_Data below_.
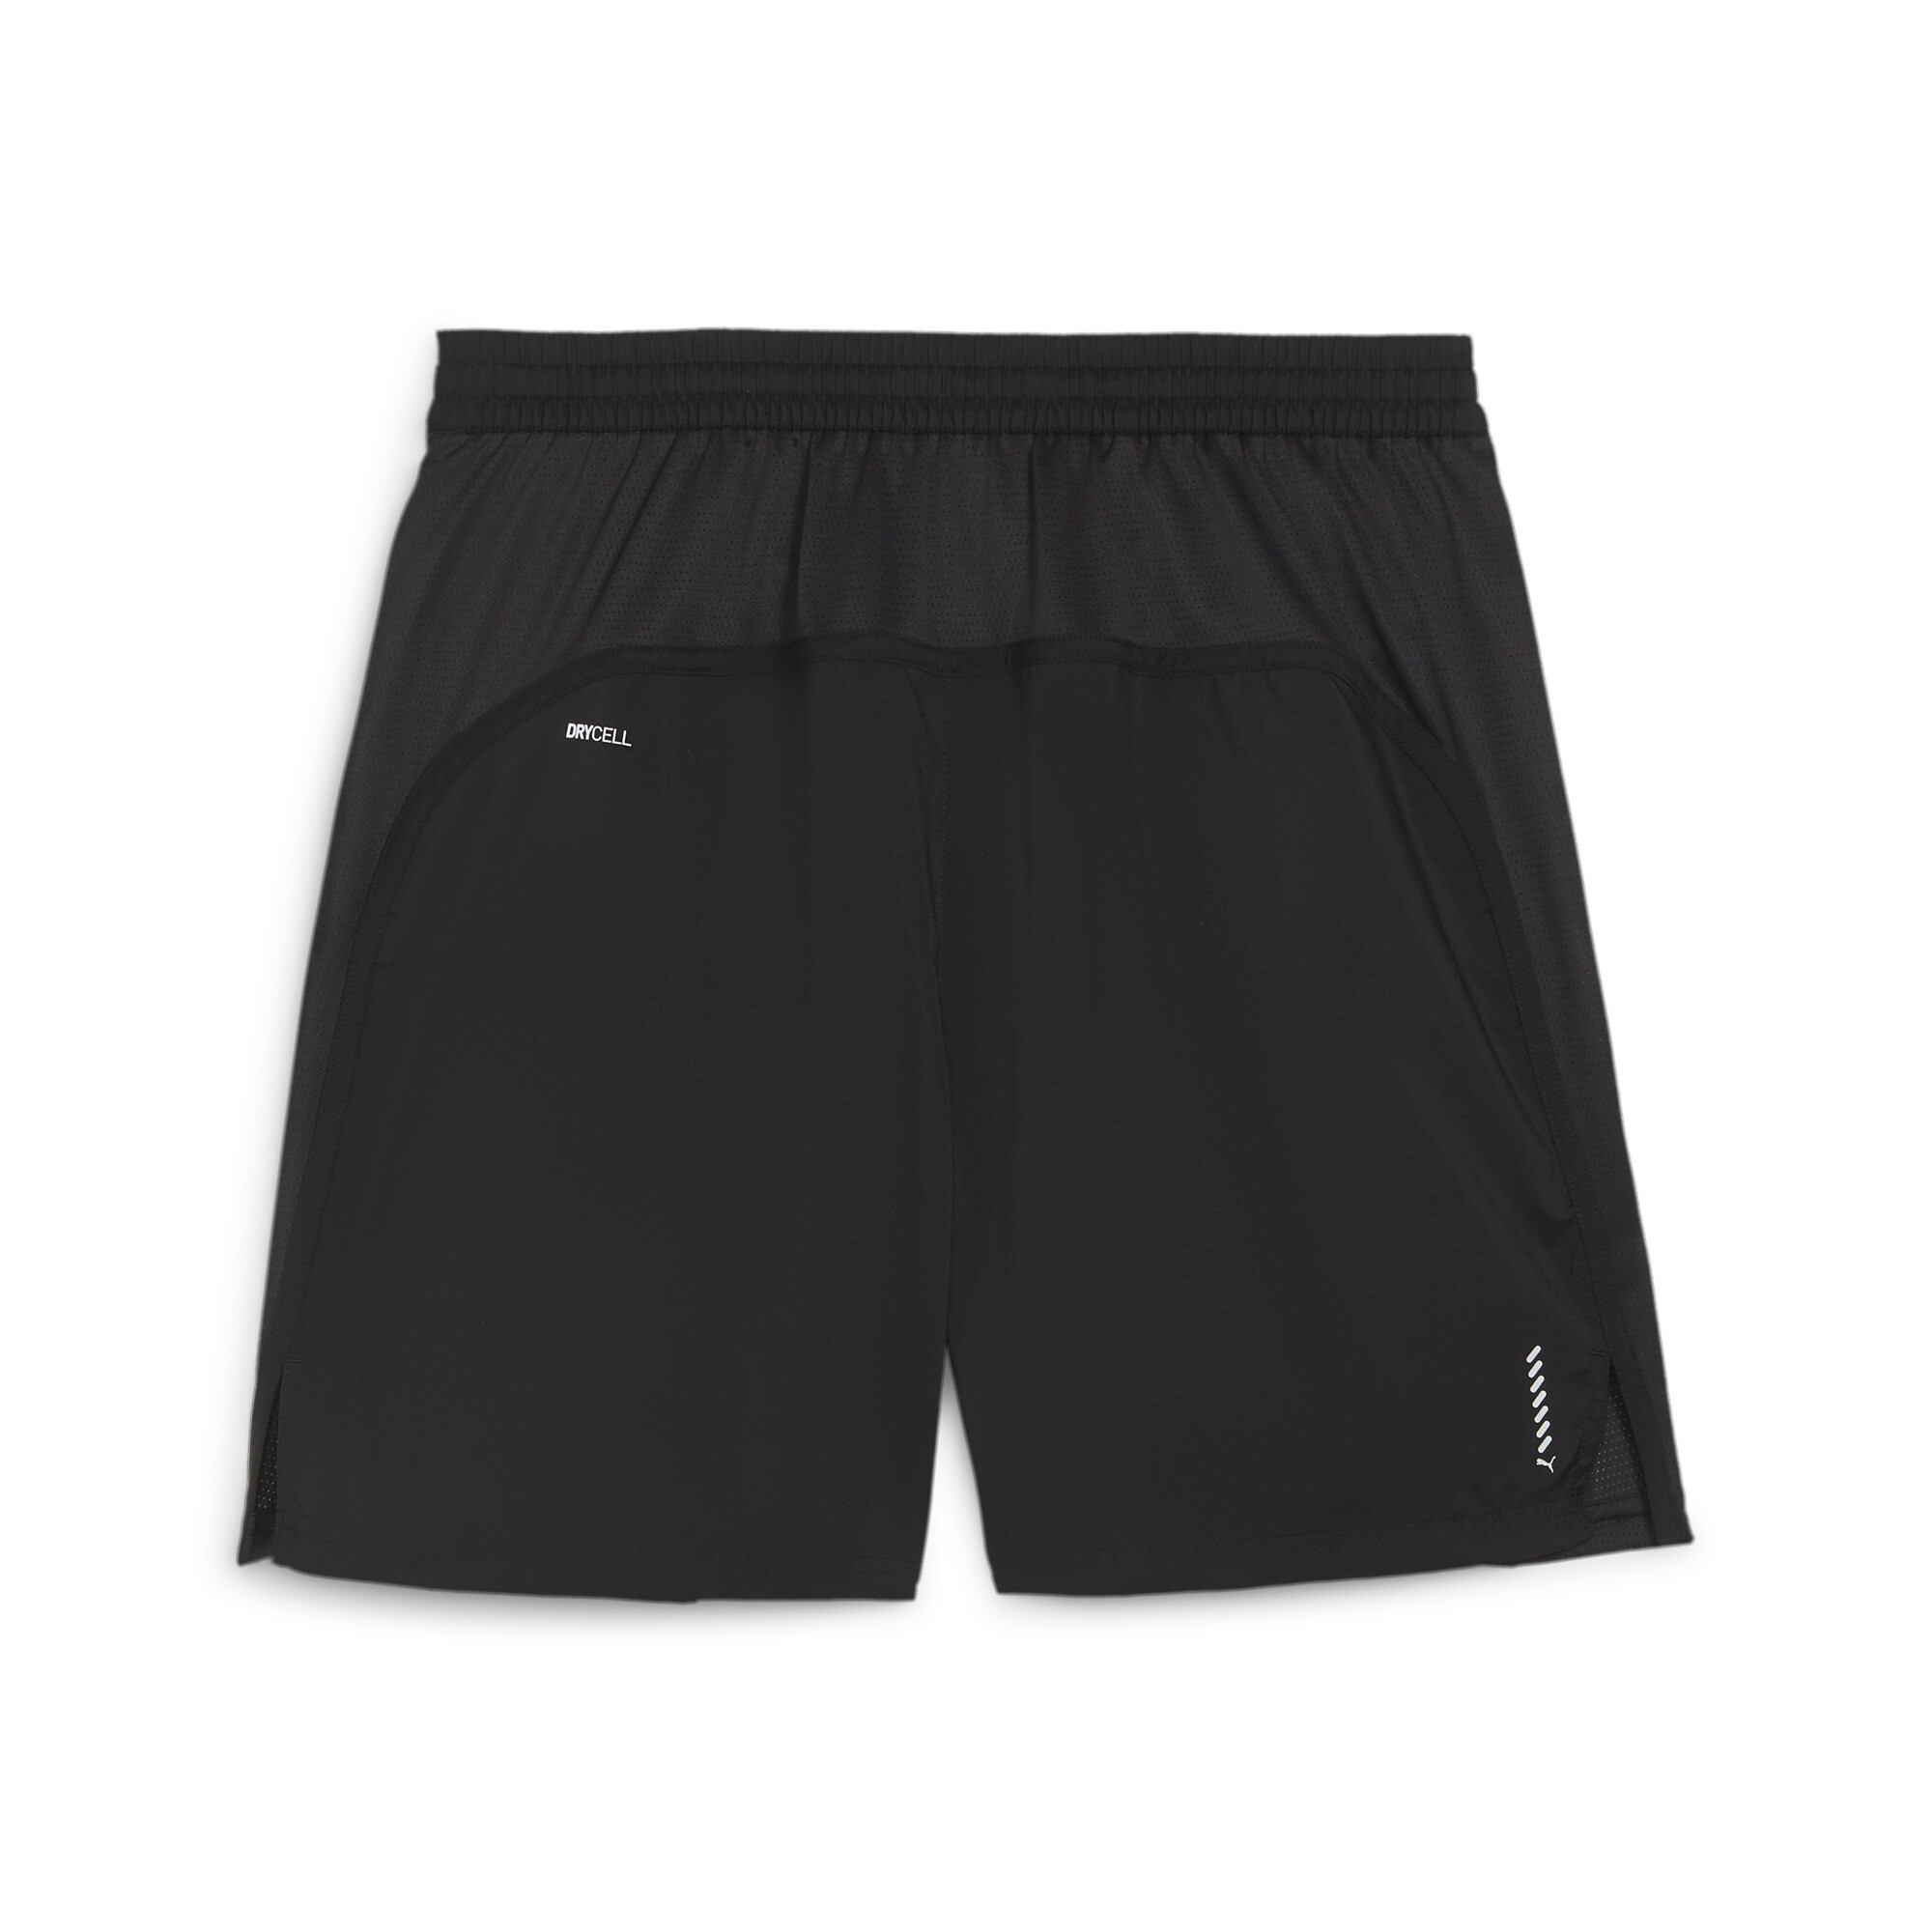 Men's PUMA RUN FAV VELOCITY 7 Running Shorts In Black, Size XS
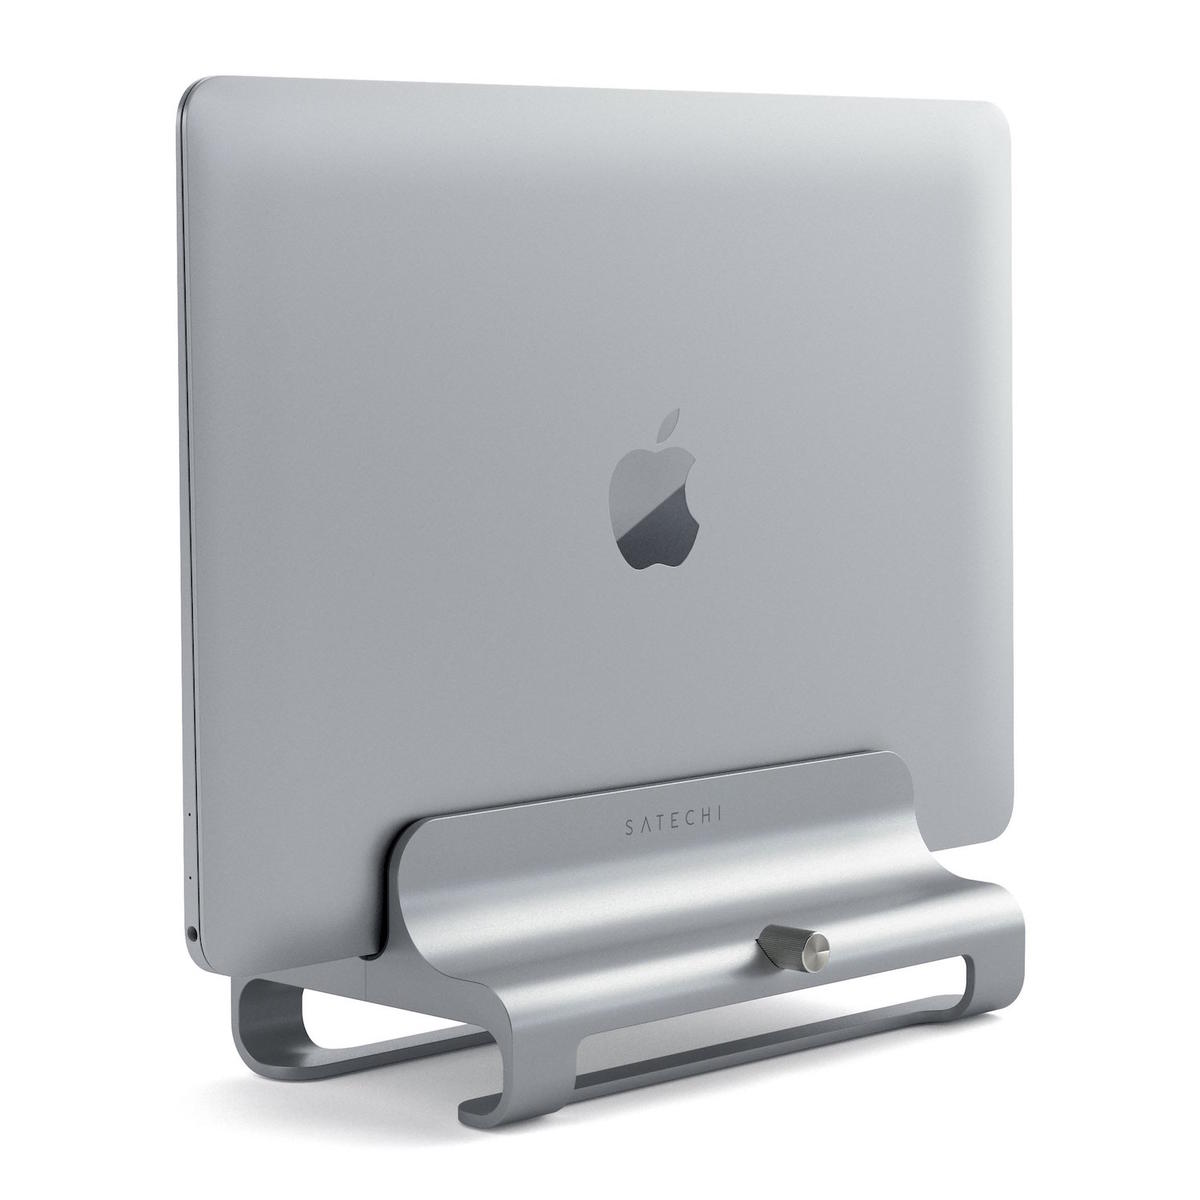 Veramz Soporte de Ordenador portátil para MacBook Color Negro Soporte ergonómico con ángulo para MacBook y Otros portátiles de 11-17 Pulgadas 
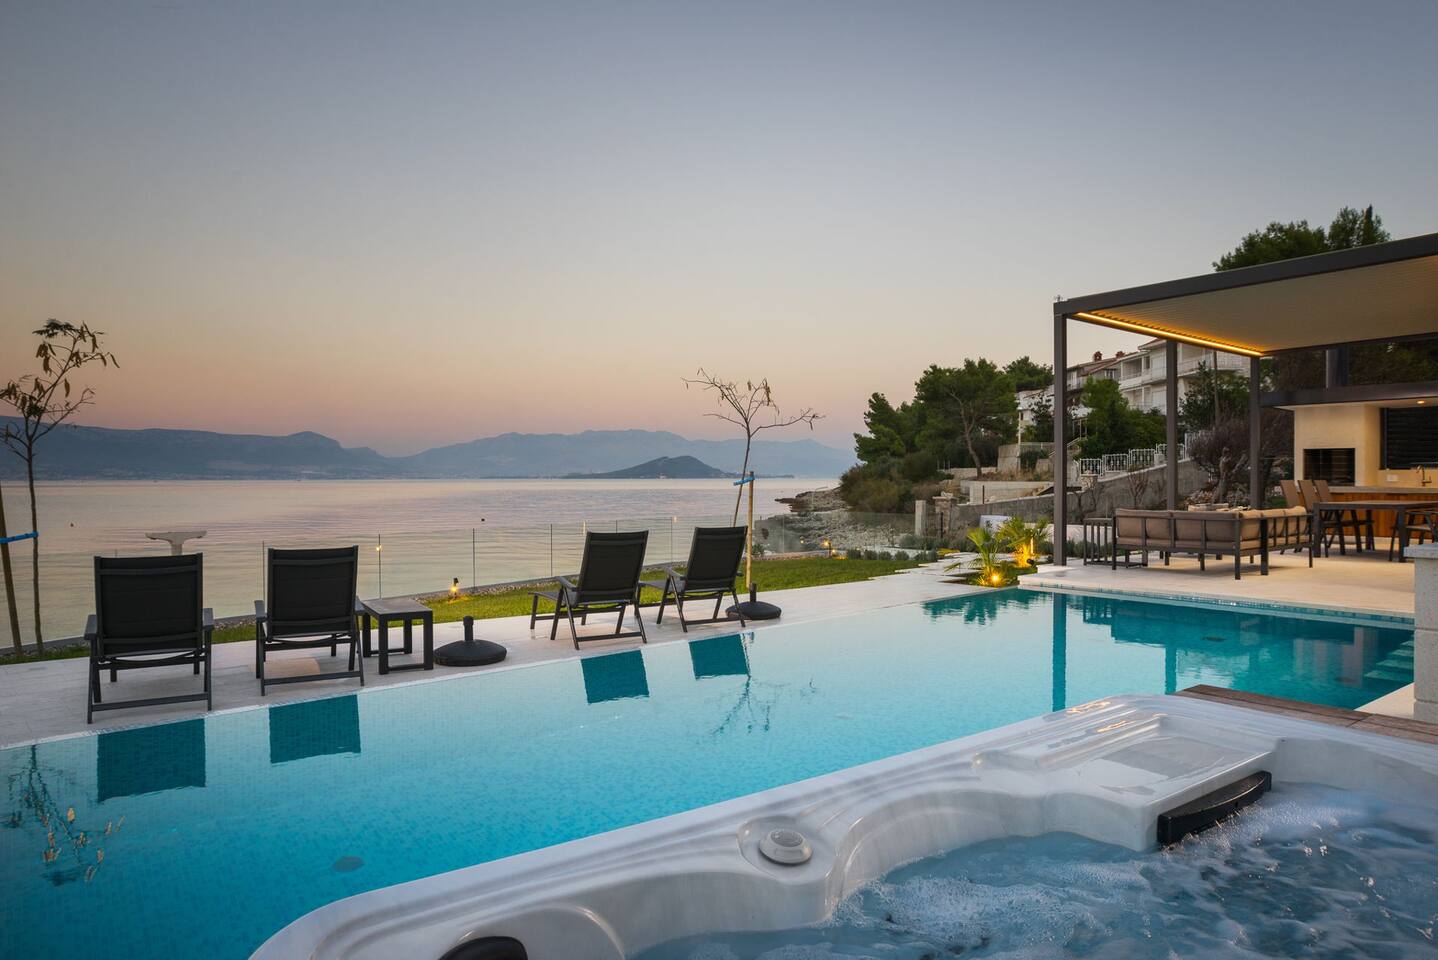 TROGIR РОСКОШНЫЕ ВИЛЛЫ - роскошная вилла Grey Martini на пляже с бассейном, джакузи и тренажерным залом на острове Ciovo

_What you will do_.
Please retype the whole listing above exactly, without any of its images.

_Completed exercise_.
 Men's PUMA RUN FAV VELOCITY 7 Running Shorts In Black, Size XS
 Veramz Soporte de Ordenador portátil para MacBook Color Negro Soporte ergonómico con ángulo para MacBook y Otros portátiles de 11-17 Pulgadas 
 TROGIR РОСКОШНЫЕ ВИЛЛЫ - роскошная вилла Grey Martini на пляже с бассейном, джакузи и тренажерным залом на острове Ciovo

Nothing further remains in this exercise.